In all measured indicators the numerator is the debt service annual amount in current US dollars. Its exact "official" definition runs as follows:
Total debt service is the sum of principal repayments and interest actually paid in foreign currency, goods, or services on long-term debt, interest paid on short-term debt, and repayments (repurchases and charges) to the IMF. Data are in current U.S. dollars. Source : World Bank, Global Development Finance.
The Debt service / total public service salaries (DS/WS) refers to the ratio between the debt service annual amount in current US dollars and total public service salaries during the same year. Total public service salaries are defined as follows:
Salaries (% of total expenditure) consist of all payments in cash, but not in kind, to employees in return for services rendered, before deduction of withholding taxes and employee contributions to social security and pension funds. Data are shown for central government only.
(Source : International Monetary Fund, Government Finance Statistics Yearbook and data files.)
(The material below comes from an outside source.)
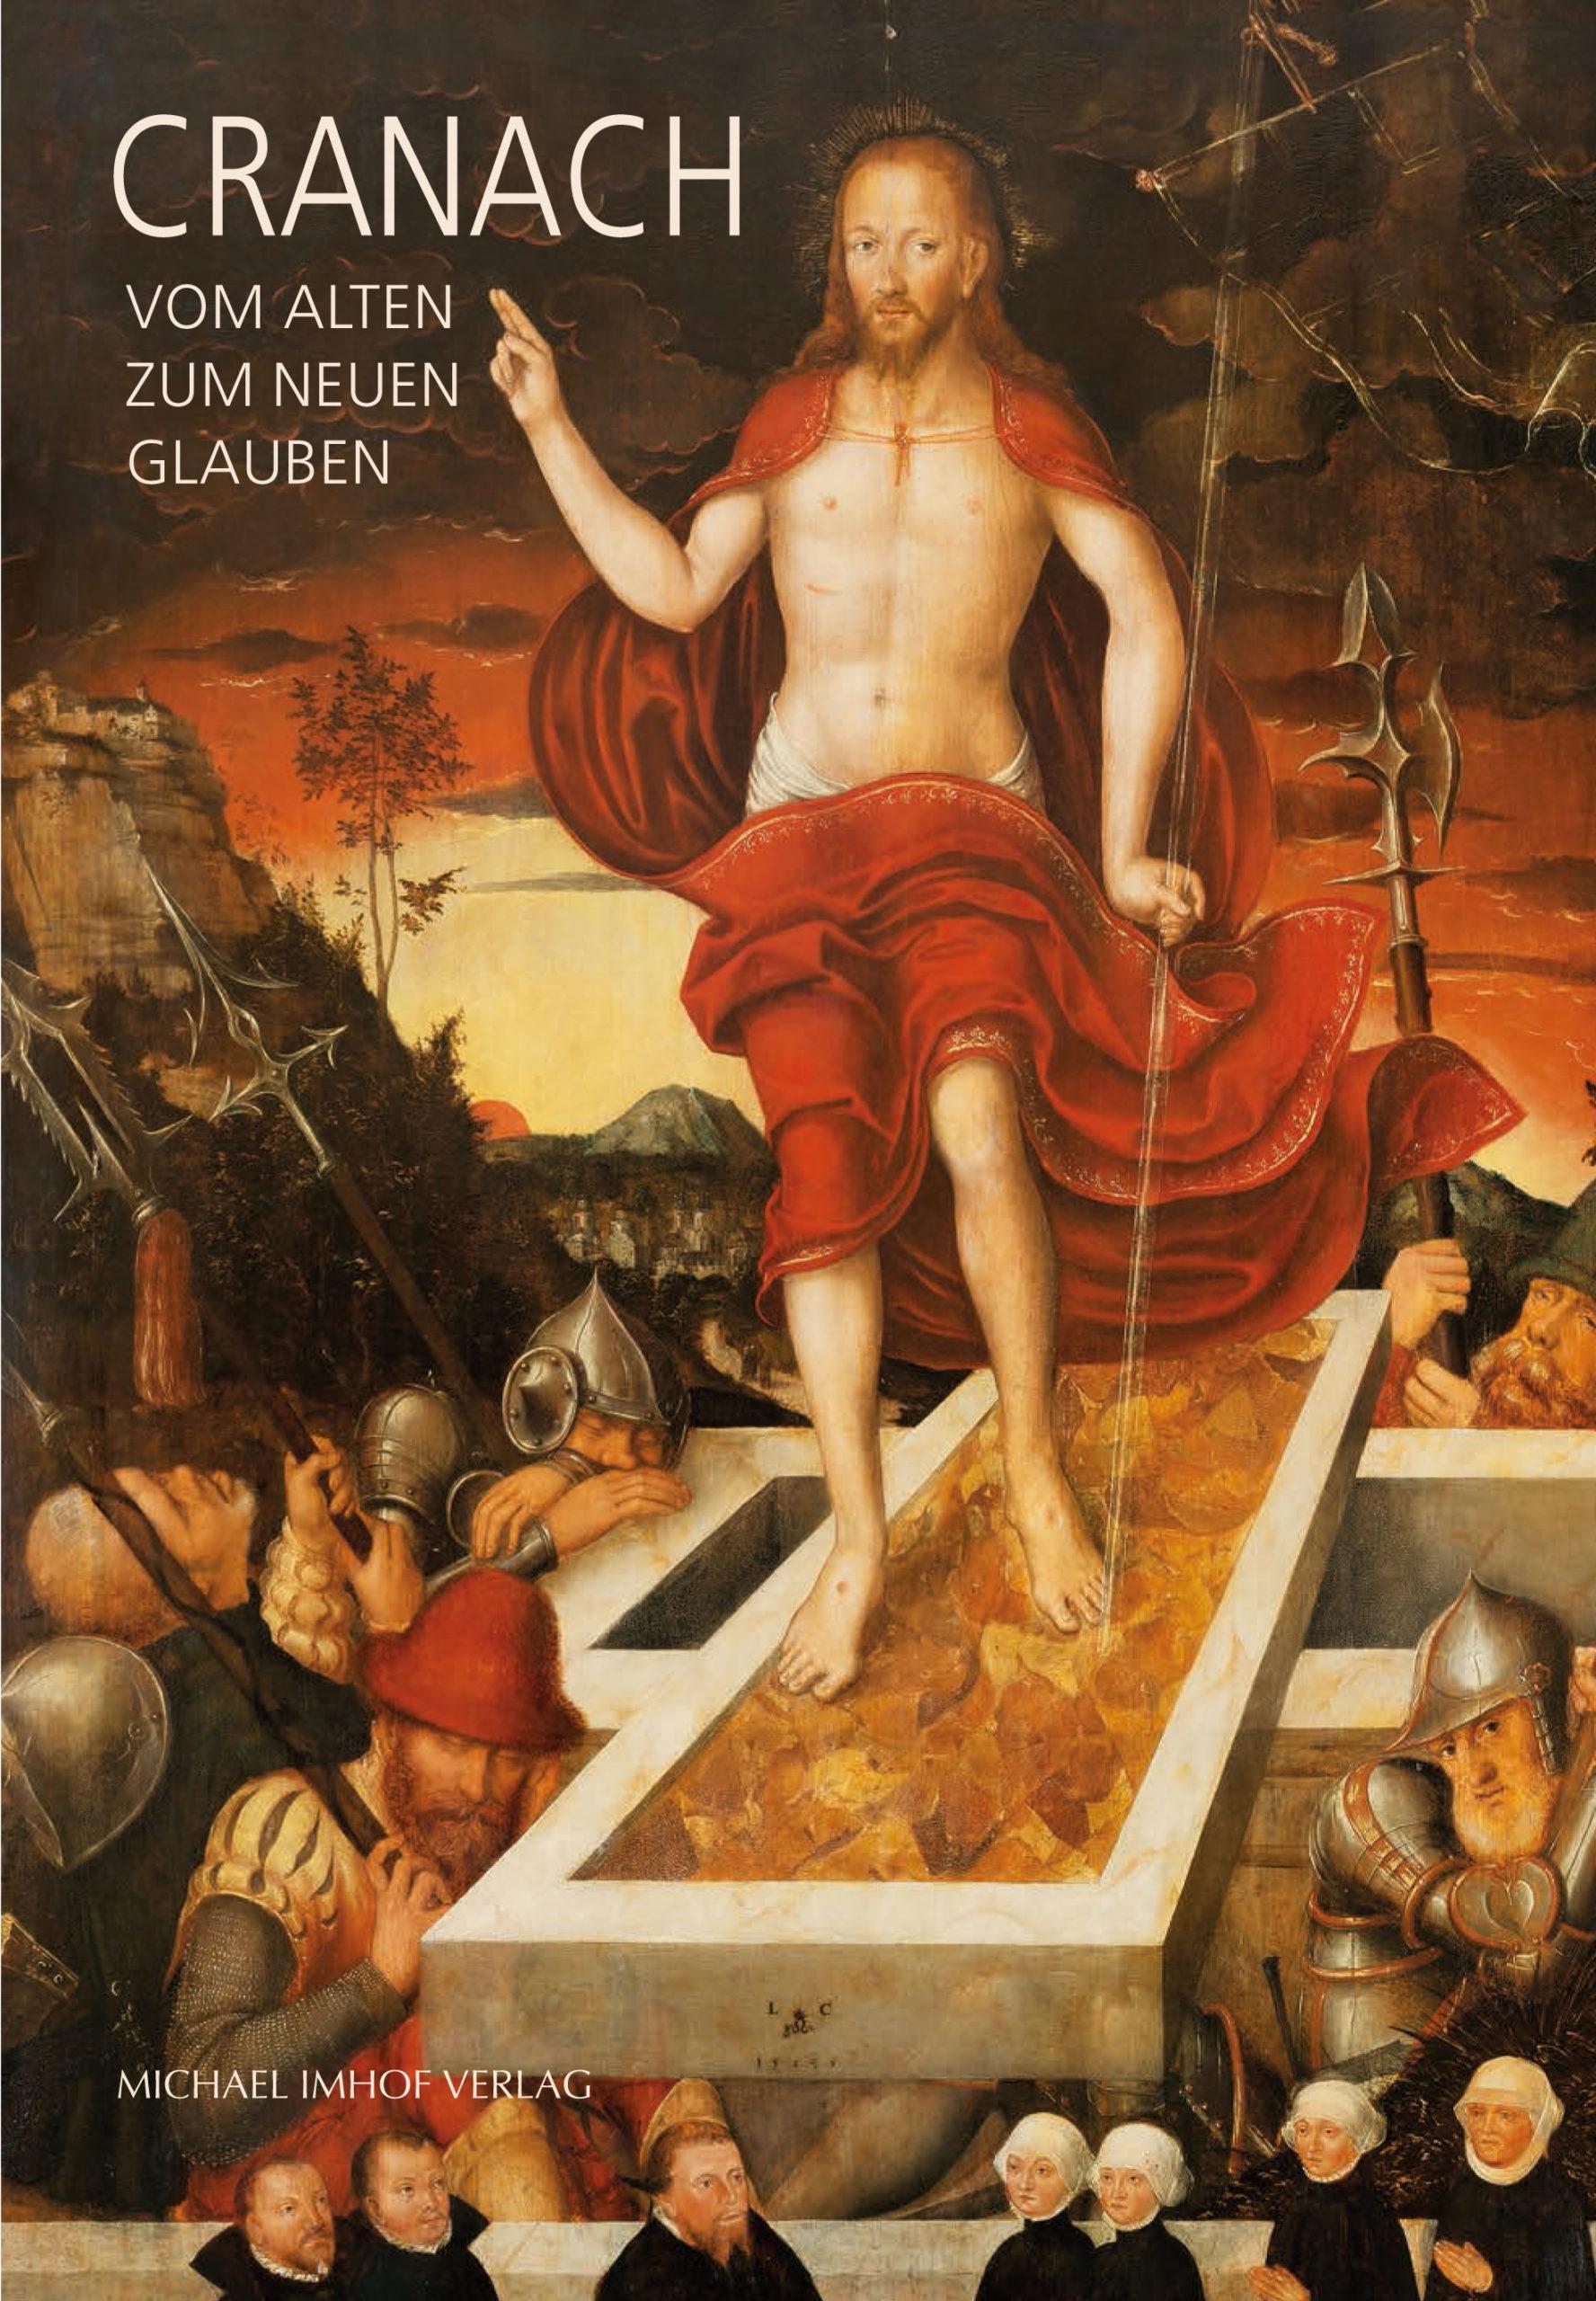 Cranach-Kurzfu hrer EF.qxt_St. Goar-F¸hrer

DS/WS = Total debt service (current USD) / [(Salaries (% of total expenditure) / 100) • (Total expenditure (% of GDP) / 100) • GDP (current USD)]
A ratio DS/WS = 0,457 means that the debt service represents 45,7% of the total public service salaries. A ratio DS/WS = 3,487 means that the expenses due to debt service is 3,487 times more important than the total public service salaries.
Mode of interpretation : DS/WS measures the debt service burden in relation to the country’s public service salaries. It shows to what extent the debt service results in civil servants’ redundancies.